Aineko Dream: code generation with ChatGPT
We built an app called Aineko Dream to test-drive Aineko's ability to enable generative AI features. Aineko Dream uses the OpenAI API and the Aineko docs to generate template code for an Aineko pipeline based on a prompt. The pipeline automatically checks the LLM response to ensure it passes some tests and either generates a prompt to fix the errors or passes the response back to the user.
This app demonstrates how you can rapidly prototype features that use foundation models by leveraging Aineko features, such as REST client connectors, stateful feedback loops, and API endpoints. Real-time QA allows us to ensure the quality of LLM responses while maintaining an interactive experience for users.
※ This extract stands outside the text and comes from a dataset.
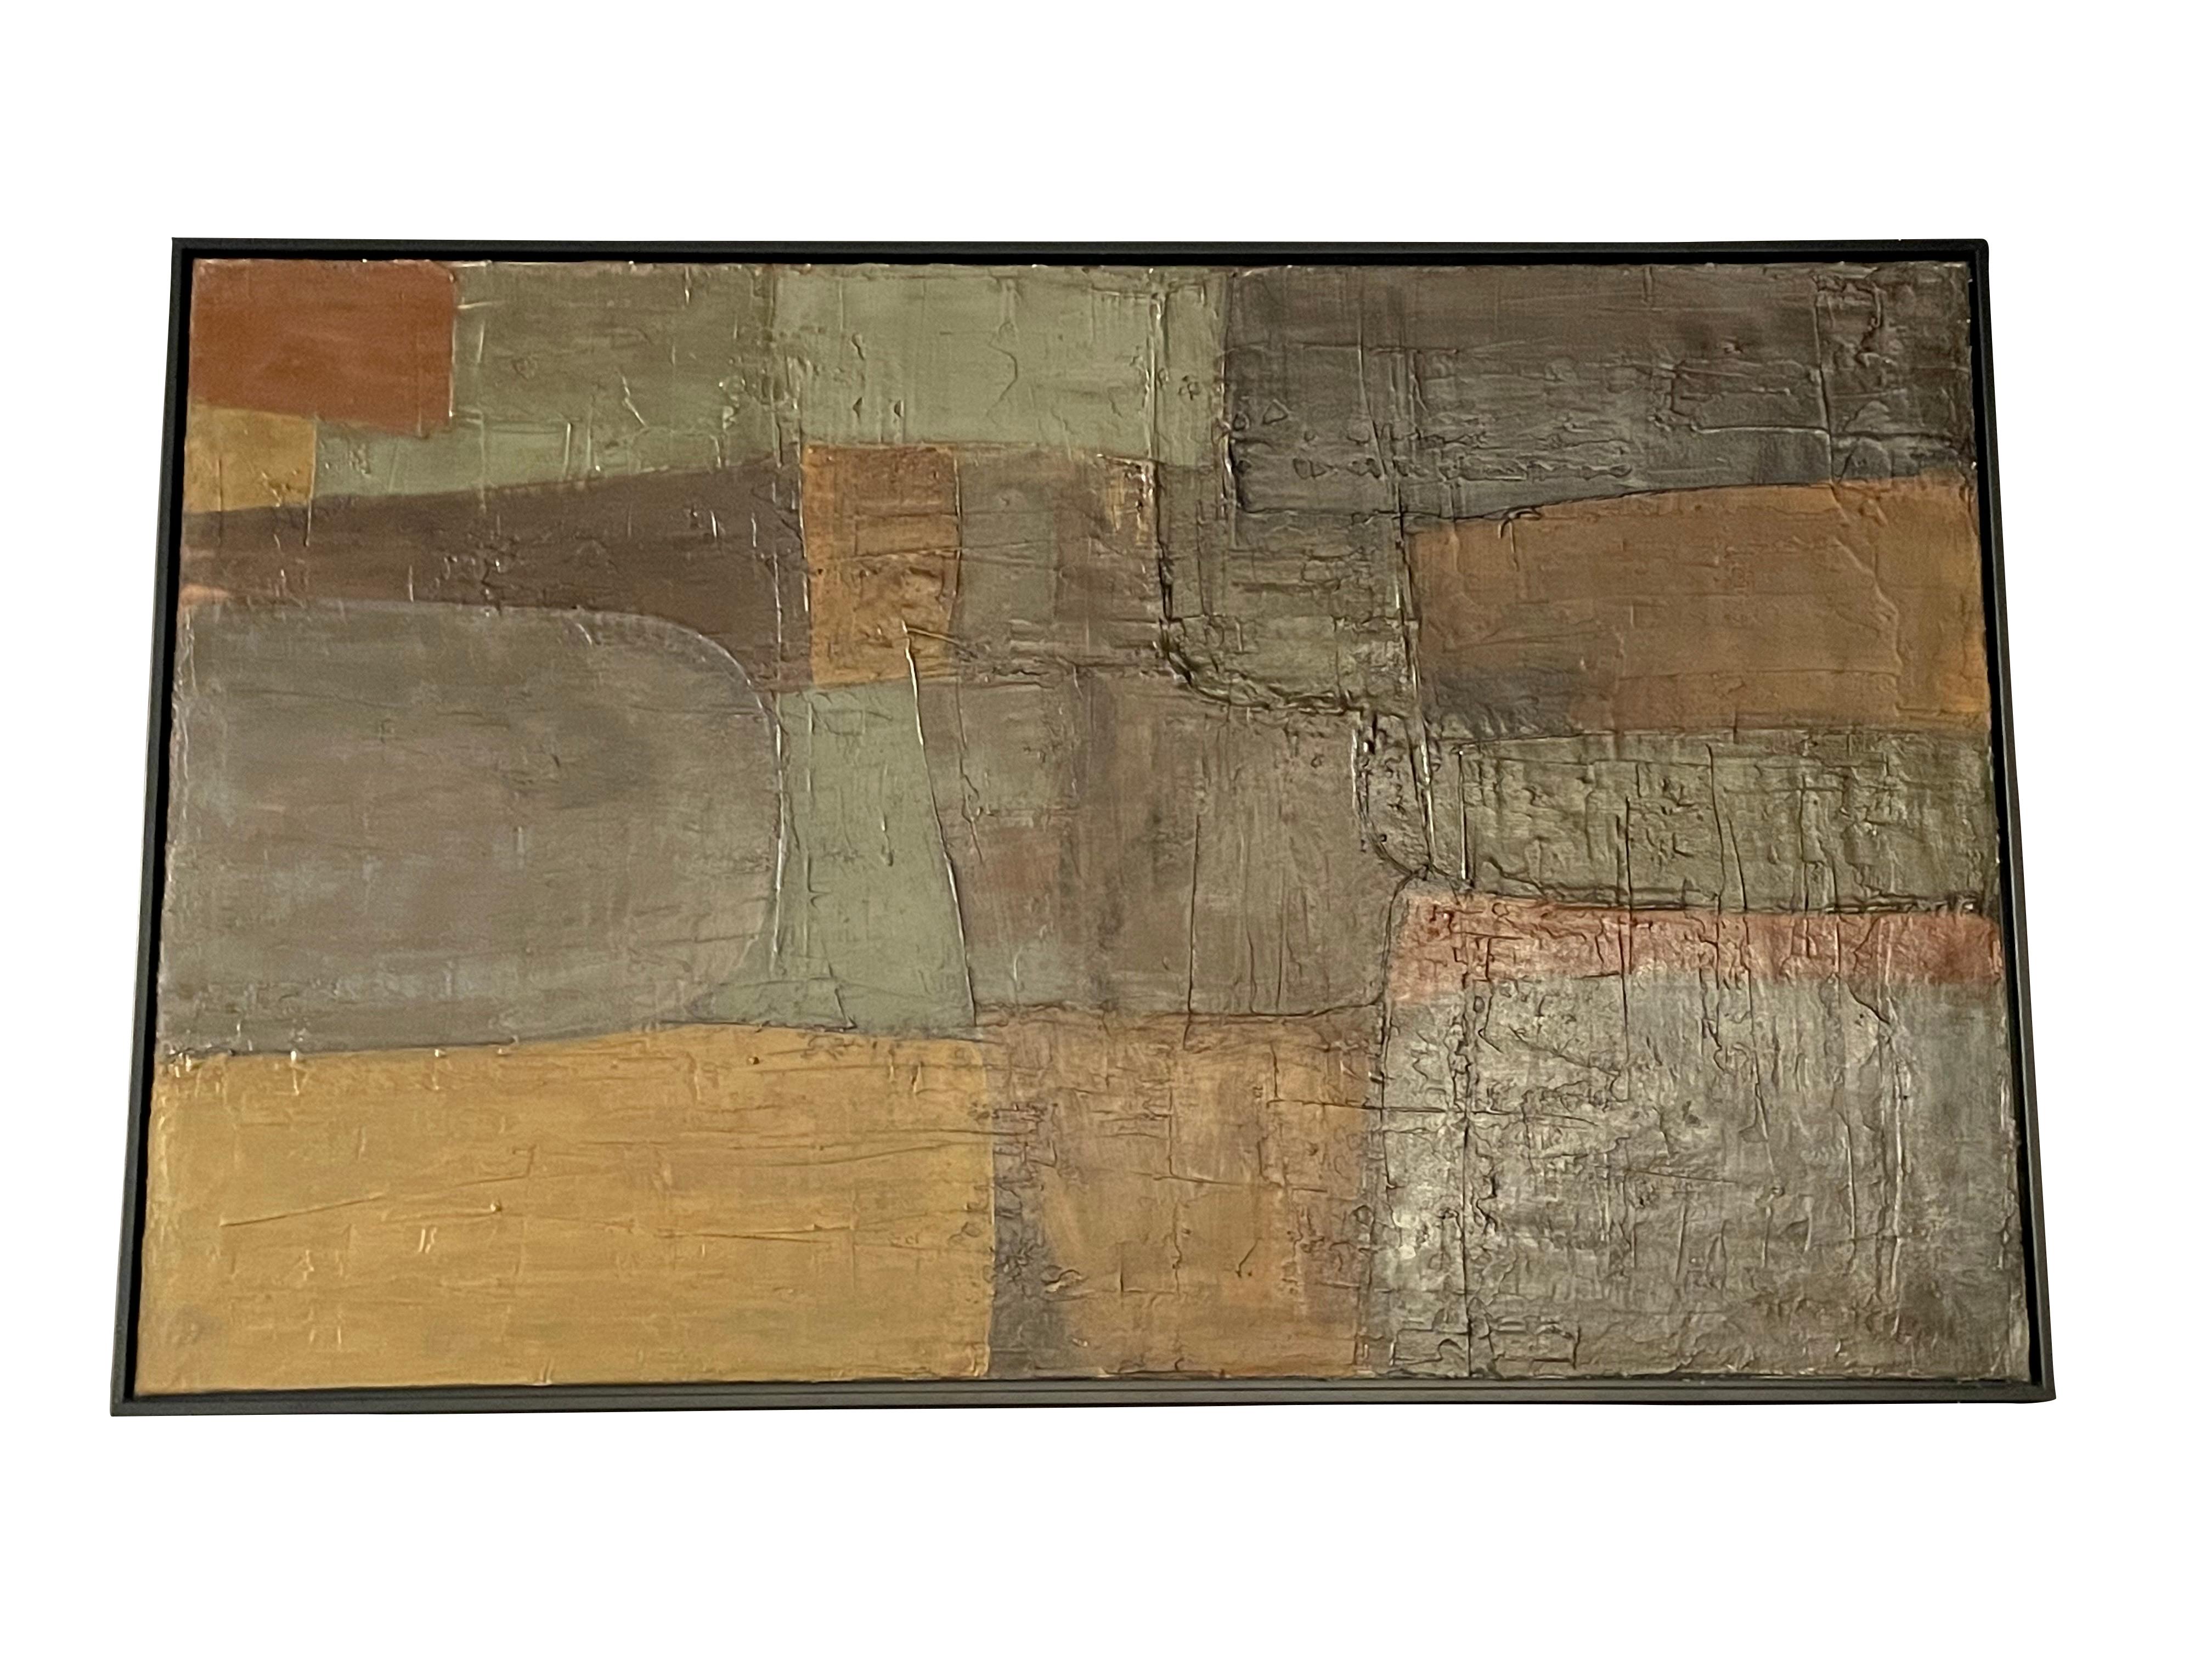 Shades of green, gold and rust contemporary painting by Spanish artist Santiago Castillo.
This large painting is created in oil and stucco on wood. The stucco and a combination of matte and gloss paint finish create an interesting textural

Give it a try using the Aineko Dream bot in our Slack. Or checkout the code on GitHub.
What will you dream up with Aineko?
Aineko Dream in Action
Featured Unlocks
Tell a Story with Your Data - With Aineko, you retain all critical information with the context to help you tell a story in real-time and retroactively.
Aineko made it simple to introduce a feedback loop for real-time QA for ChatGPT responses. We keep track of response evaluation results and submit new prompts to ChatGPT to fix the errors, without any human intervention. Additionally, since we are tracking all prompts, responses, and their evaluation results, we generate a rich dataset of our app’s performance which we can use to track and improve performance.
Move Fast, Break Nothing - By representing our use case as an Aineko pipeline, it was clear how we could swap building blocks in and out with ease.
Aineko made it easy to try out new foundation models. Once the pipeline was constructed with GPT-3 it was trivial to use GPT-4. Later, we built a second connector node for the Cohere API and used it as a drop-replacement for OpenAI. We were able to run all three models with standalone pipelines, each with its own unique API endpoint. We can use the various endpoints to route traffic for different users or use one for production and the others for development.
Tech overview
With the Aineko framework in mind, we broke the problem down into a few key steps:
- Fetch GitHub events
- Update documentation used for prompt
- Retrieve prompt from user
- Prompt engineering
- Query an LLM
- Evaluate result
- Return to step 4, or return LLM response to user
We used the following libraries and APIs to build our app.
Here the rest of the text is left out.